Upon expiration, a certificate may be either automatically renewed (if allowed by the policy and if there’s an automatic lifecycle management solution in place) or manually renewed.

Asymmetric encryption in practice and TLS

As described above, in an asymmetric encryption algorithm, there are two keys involved, a public key and a private key. Although this is very secure, and is directly used in some cases, such as in email encryption scenarios, it’s relatively slow and resource intensive.

Thus, for bulk encryption and/or for resource-constrained devices, something different is done; this includes the case of transport-layer security (TLS), which is used for secure web communication (HTTPS) and other secured protocols. In those situations, asymmetric encryption is used to protect a negotiated symmetric encryption key for bulk encryption and decryption. That symmetric key is rotated on a regular basis as part of TLS.
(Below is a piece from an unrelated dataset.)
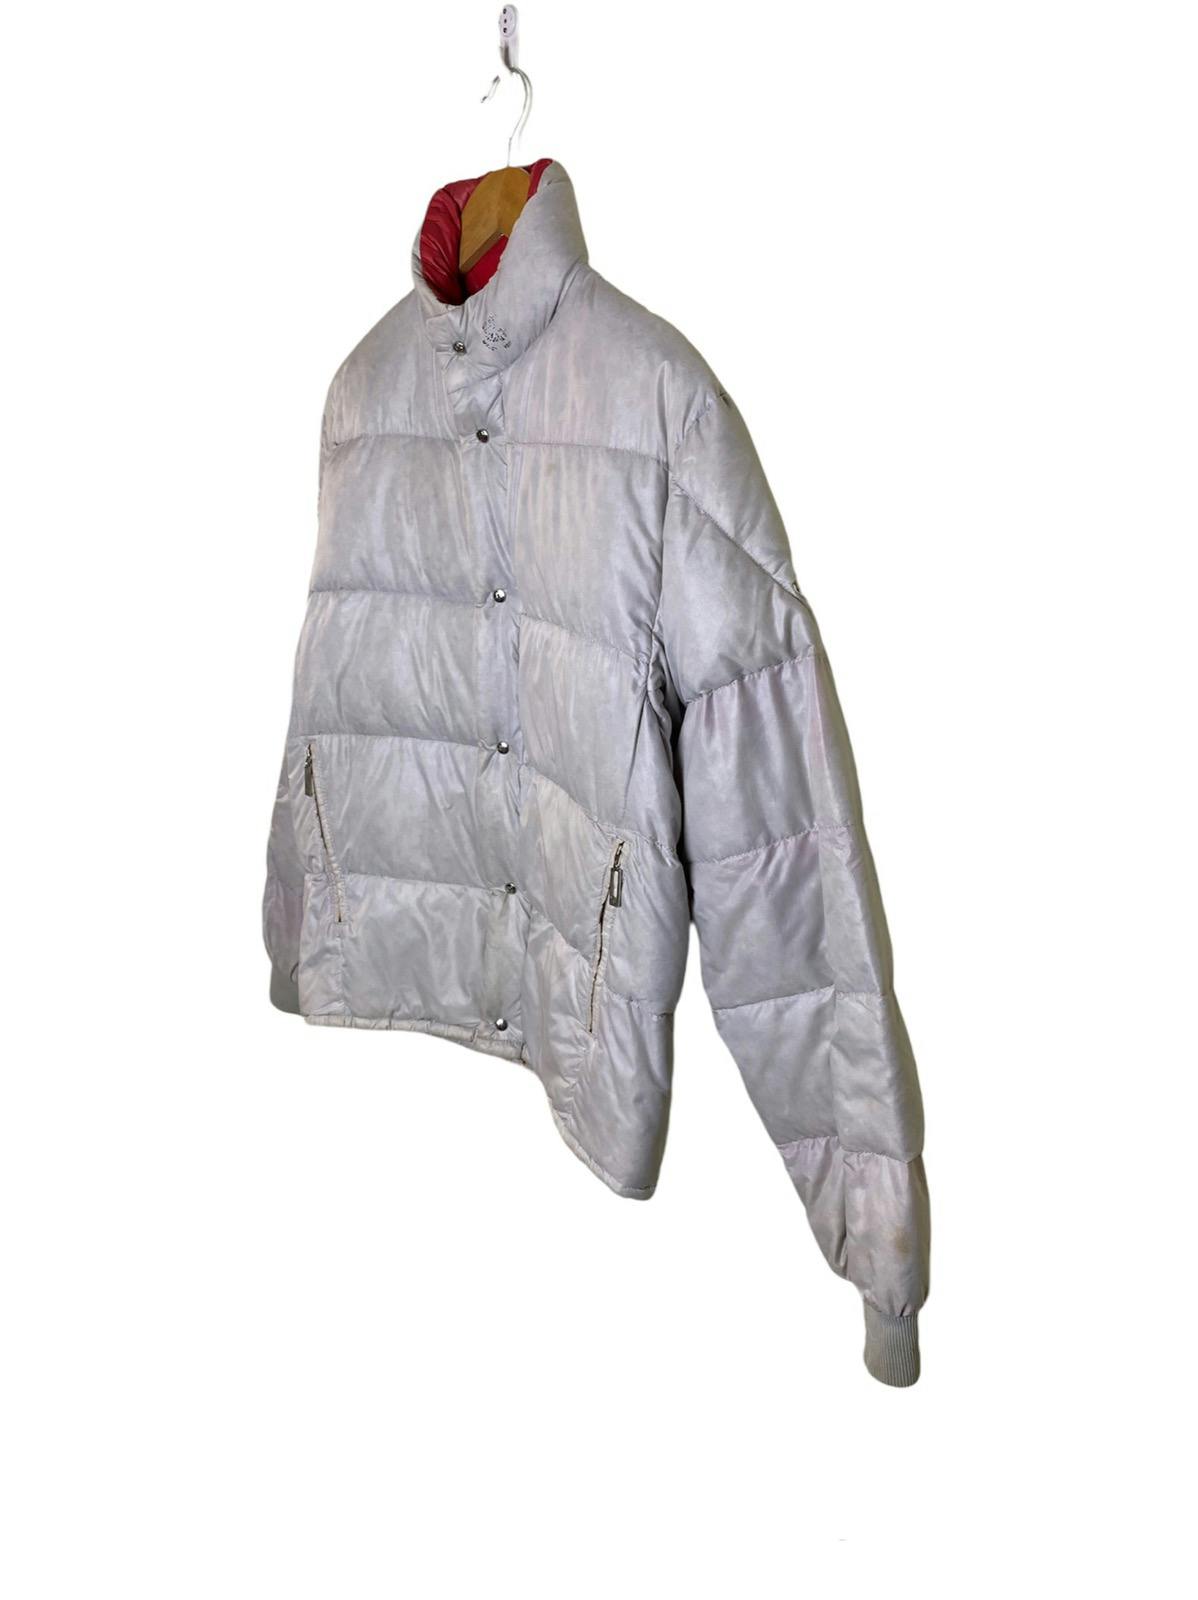 Vintage MONCLER Puffer Goose Down Winter Jacket - 9
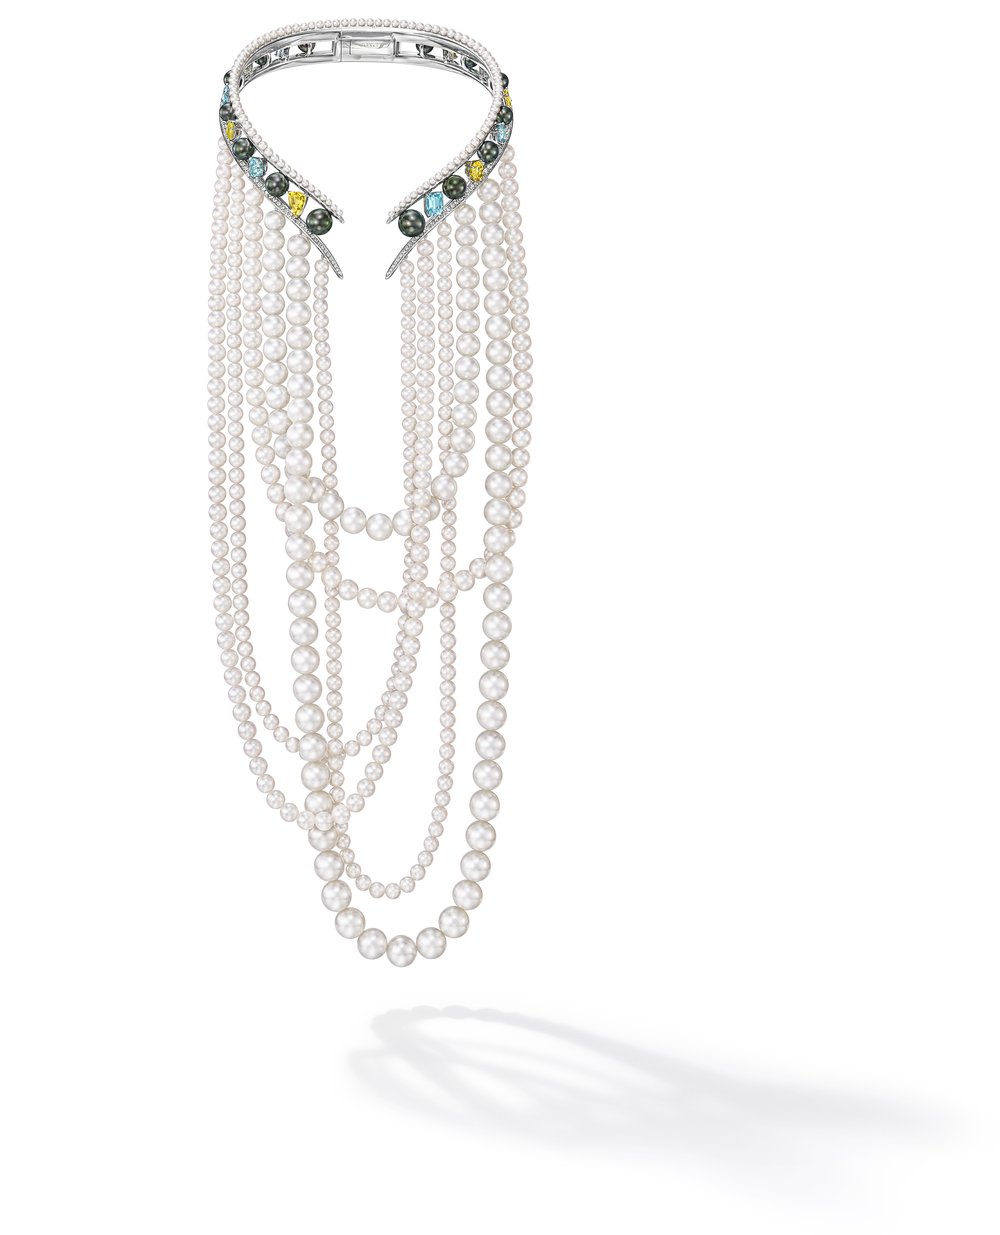 TASAKI Collier Ocean Light or blanc perles Akoya, diamants, perles des mers du Sud noires, zircons bleus, tourmalines jaunes.jpg

The symmetric key negotiation includes deciding on an encryption algorithm and an encryption key length as well as a data integrity (message authentication code, or MAC) algorithm. This is shown in mentions of things like “DHE-PSK (forward secrecy)” and “AES GCM”. For the purposes of this topic, these are not particularly important details. There is published guidance around recommended IoT device configuration at Azure IoT Hub TLS support | Microsoft Learn, and an implementer is advised to follow the documented best practices.

Digital signatures

One use of asymmetric encryption mentioned above that hasn’t been explained before is the concept of digital signatures. Digital signatures allow for ensuring content (which may be encrypted or unencrypted) has not been altered in transit.

A digital signature is created by hashing the document, then encrypting the hash with the private key of the issuer. Because the public key is shared, this allows anyone to verify the document has not been changed. These diagrams illustrate this:

Document signing

flowchart TD
    h[Hash document contents] --> e[Encrypt hash with private key to get signature]
    e --> w[Write signature to document metadata]

Signature validation

flowchart TD
    rd[Read document with metadata] --> h[Hash document contents]
    h --> rs[Read signature from document metadata]
    rs --> d[Decrypt hash with public key]
    d --> c[Compare computed hash with supplied hash]
    c --> m{Do they match?}
    m -->|Yes| v[Document is unaltered]
    m -->|No| i[Document has been altered]

---

footnote 1: This is deliberately avoiding a discussion of so-called “cross-signing”, which adds a layer of complexity to this discussion that is not necessary for our purposes.

footnote 2: Again, ignoring “cross-signed certificates”.